### PROBLEM DESCRIPTION
Only some lines are wanted: please transcribe exactly those from the one containing "The Australian Law Journal" through the end of the data, pictures excluded.

### PROVIDED MATERIAL

******

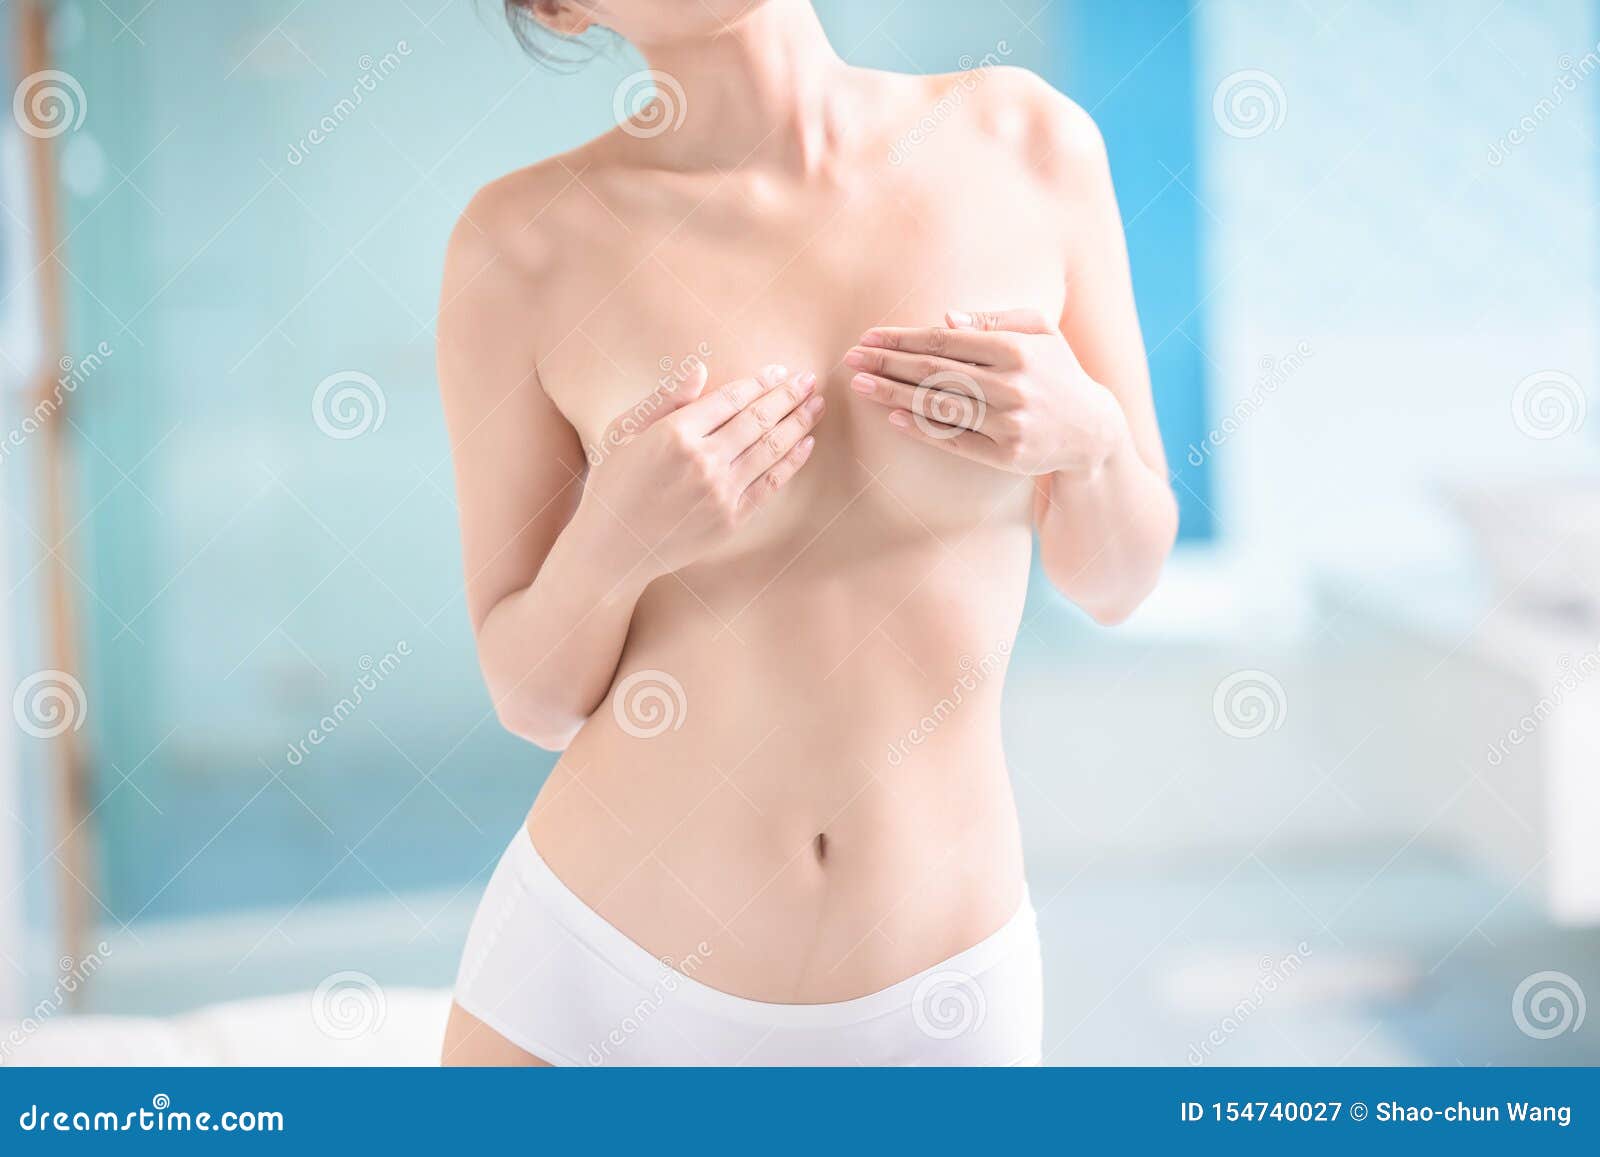 форум жен о груди фото 15
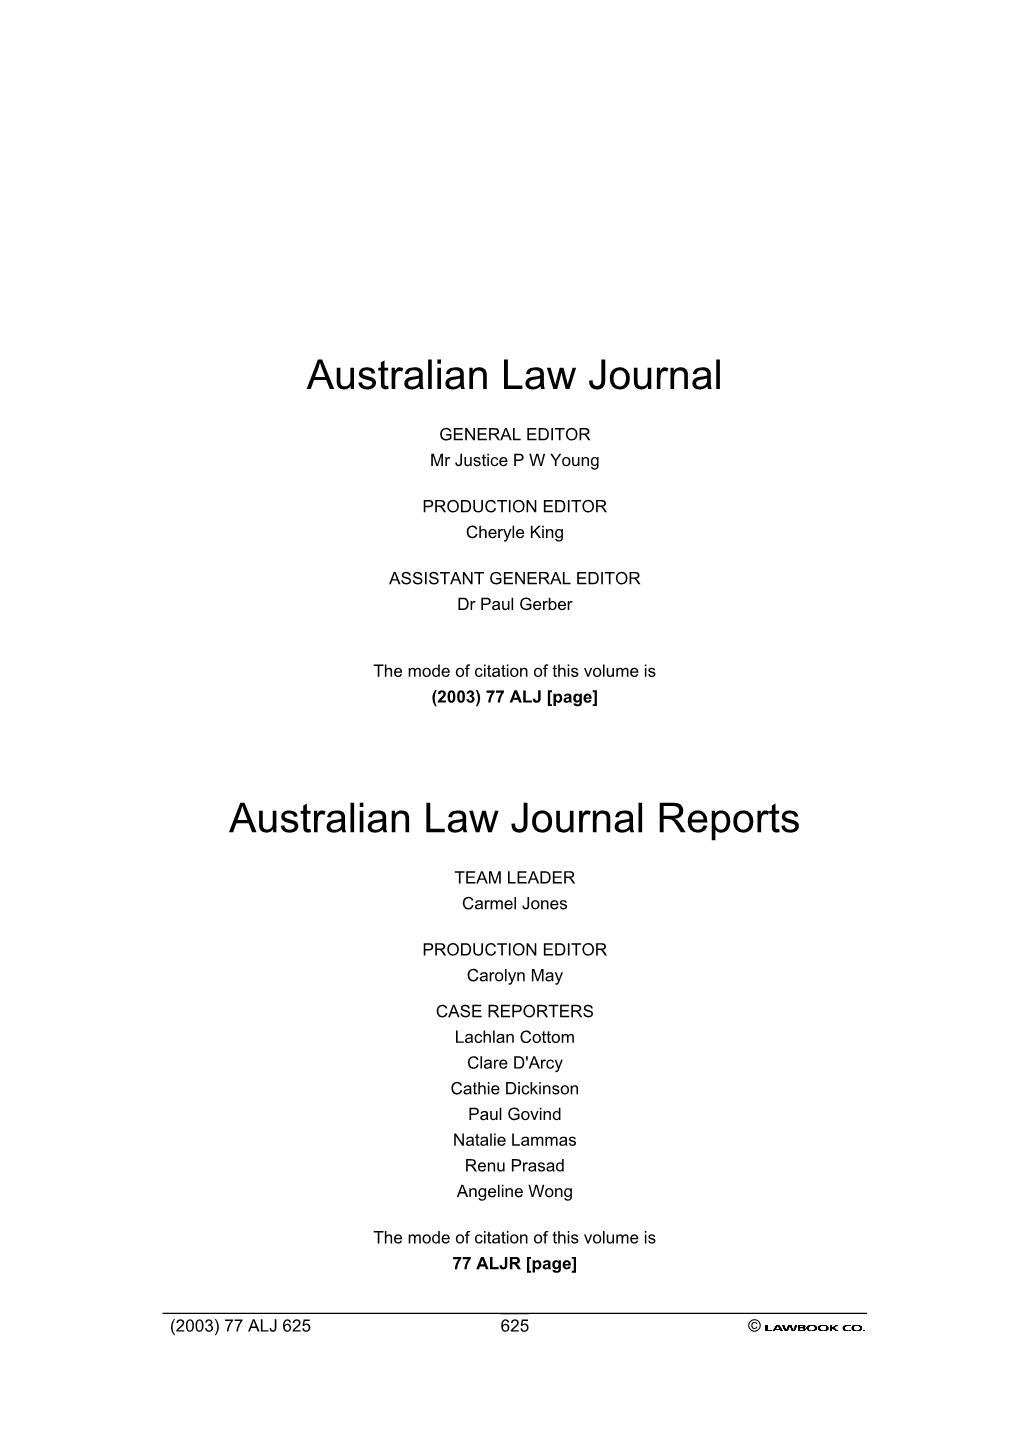 The Australian Law Journal
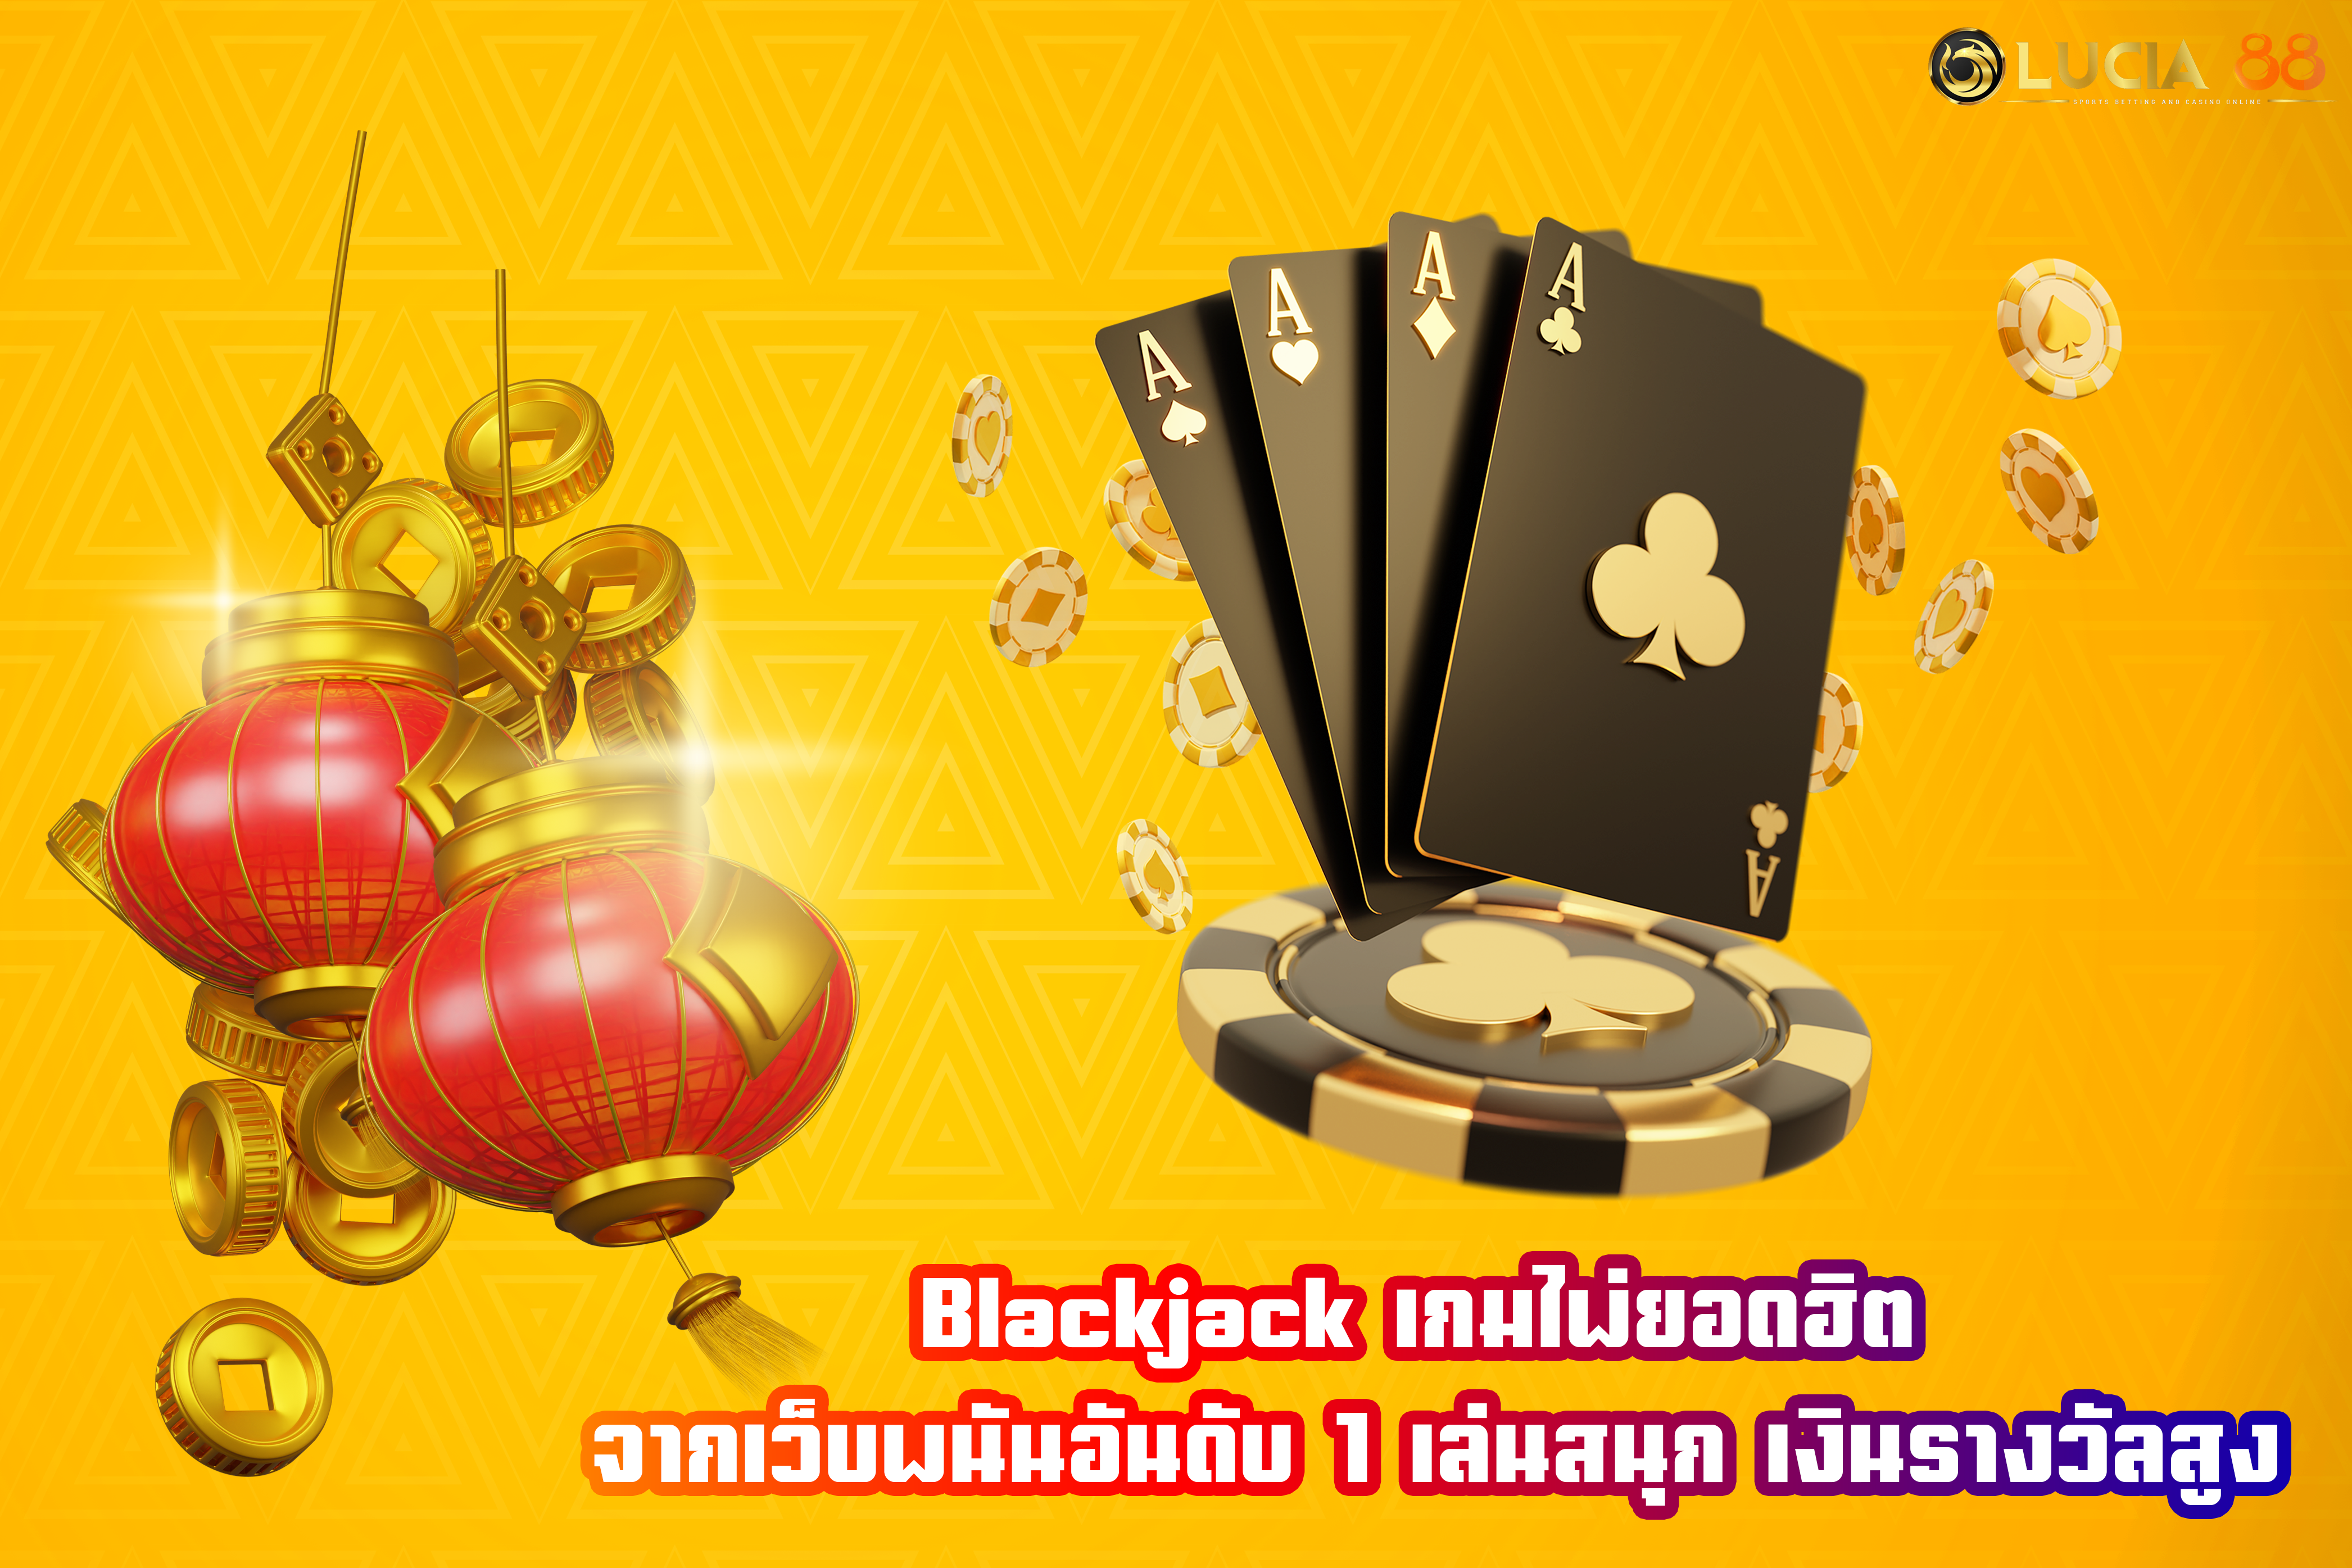 Blackjack เกมไพ่ยอดฮิต จากเว็บพนันอันดับ 1 เล่นสนุก เงินรางวัลสูง

******

### ANSWER TO THE EXERCISE
 The Australian Law Journal
 Blackjack เกมไพ่ยอดฮิต จากเว็บพนันอันดับ 1 เล่นสนุก เงินรางวัลสูง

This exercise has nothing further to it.